Coding for Pediatric or Children’s Vision Problems – A Detailed Overview

by | Posted: Aug 11, 2021 | Medical Coding

Eye injuries are considered the leading cause of vision loss in children. As per reports, about 42,000 sports-related eye injuries occur every year in the United States, and children suffer most of these injuries. It is estimated that one in four children experience serious vision problems and if left untreated, these problems can significantly affect the child’s learning ability, self-esteem and social skills in schools. Performing regular and comprehensive eye examinations help in identifying any vision-related problems in its early stages so that appropriate treatment can be initiated to slow or prevent the progression of any eye problems in the long run. Ophthalmology medical billing and coding can be challenging. Ophthalmologists treating different types of eye injuries or related vision problems need to ensure that the medical billing and coding for the same is done appropriately on their medical claims. To code the diagnosis and treatments correctly, they can rely on reputable medical coding companies.

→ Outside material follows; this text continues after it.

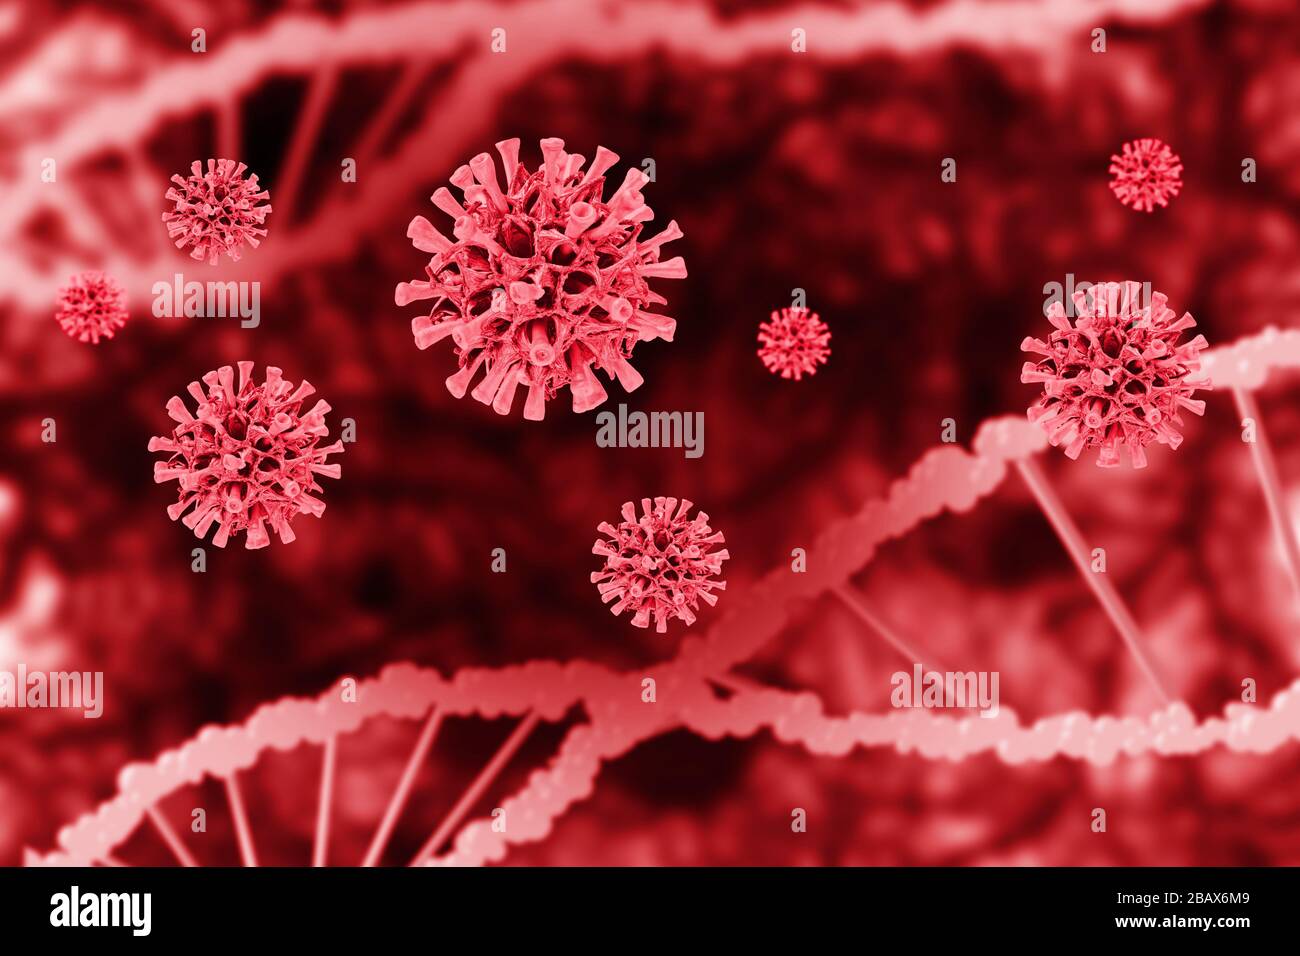 Coronaviruszellen verschwommen dna-Spiralhintergrund. Konzept der Virusgefährdung. Stockfoto

Some of the most common eye conditions that children experience include – color blindness, refractive errors (nearsightedness, farsightedness, and astigmatism), amblyopia (lazy eye), strabismus (crossed eyes) and Ptosis (drooping of the eyelid).

Guidelines for Comprehensive Pediatric Eye and Vision Examinations

The American Academy of Ophthalmology and the American Association for Pediatric Ophthalmology and Strabismus recommend the following schedule for comprehensive child vision screenings –

  • Newborn – An ophthalmologist should do a comprehensive exam if the baby is – born prematurely, has signs of eye disease or a family history of childhood eye disease. New born vision screenings may include testing for identifying –
    • A “red reflex” – like seeing red eyes in a flash photograph. If the bright light shone in each eye does not return a red reflex, more testing may be needed.
    • Blink and pupil response
  • 6 to 12 Months– A second screening should be done during the child’s first year of life – usually done at a well-child exam between 6 and 12 months. The child’s pediatrician or other health care professional should visually inspect the eyes and check for healthy eye alignment and movement.
  • 12 to 36 Months – Between 12 and 36 months, a child is checked for healthy eye development. There may be a “photo screening” test – wherein a special camera captures images of the child’s eyes. These images help find problems that can lead to amblyopia (lazy eye). If any problem is detected, the child may be referred to an ophthalmologist.
  • 3 to 5 Years – Between 3 and 5 years, a child’s vision and eye alignment should be checked. This may be done by a pediatrician, family doctor, ophthalmologist or an optometrist. Visual acuity should be tested as soon as the child is old enough to read an eye chart. If the screening shows signs of – misaligned eyes (strabismus), “lazy eye” (amblyopia), refractive errors (myopia, hyperopia, astigmatism) or another focusing problem – the child will be referred to an ophthalmologist.
  • 5 Years and Older – At 5 years, children should be screened for visual acuity and alignment. Nearsightedness (myopia) is the most common problem in this age group which can be corrected with eyeglasses.

Pediatric Vision Screening Codes

When documenting pediatric or child vision conditions, it is important to include the exact causes, symptoms, diagnosis, screening tests and treatment procedures performed using the correct medical codes. Medical coding outsourcing services provided by a reputable billing company can help physicians use the correct codes for their billing purposes –

  • Z01 Encounter for other special examination without complaint, suspected or reported diagnosis
  • Z01.0 Encounter for examination of eyes and vision
    • Z01.00 …… without abnormal findings
    • Z01.01 …… with abnormal findings
    • Z01.02 Encounter for examination of eyes and vision following failed vision screening
      • Z01.020 …… without abnormal findings
      • Z01.021 …… with abnormal findings

The above codes are reported for routine examination of eyes and vision only and not reported when a vision screen is done during a routine well-child exam.

CPT Codes for Vision Screening

  • 99173 – Screening test for visual acuity, quantitative, bilateral
  • 99174 – Instrument-based ocular screening (e.g., photoscreening, automatic refraction), bilateral, with remote analysis and report
  • 99177 – With onsite analysis

August Is Observed as Children’s Eye Health and Safety Month

The month of August is observed as “Children’s Eye Health and Safety Month” in the United States. Sponsored by the American Academy of Ophthalmology (AAO), the month-long campaign aims to generate widespread awareness among the general public of the need to save children’s eyesight, and to prevent eye injuries and vision loss. The eye health needs of children are quite different from those of adults. Therefore, early diagnosis and treatment is critical to preserve a child’s eye health. The 2021 campaign is a timely reminder to prepare children for the classroom and athletics and make them wear the required protective gear for their classes and athletic activities, too. It encourages parents to take their children for an eye examination as part of their back to school check list.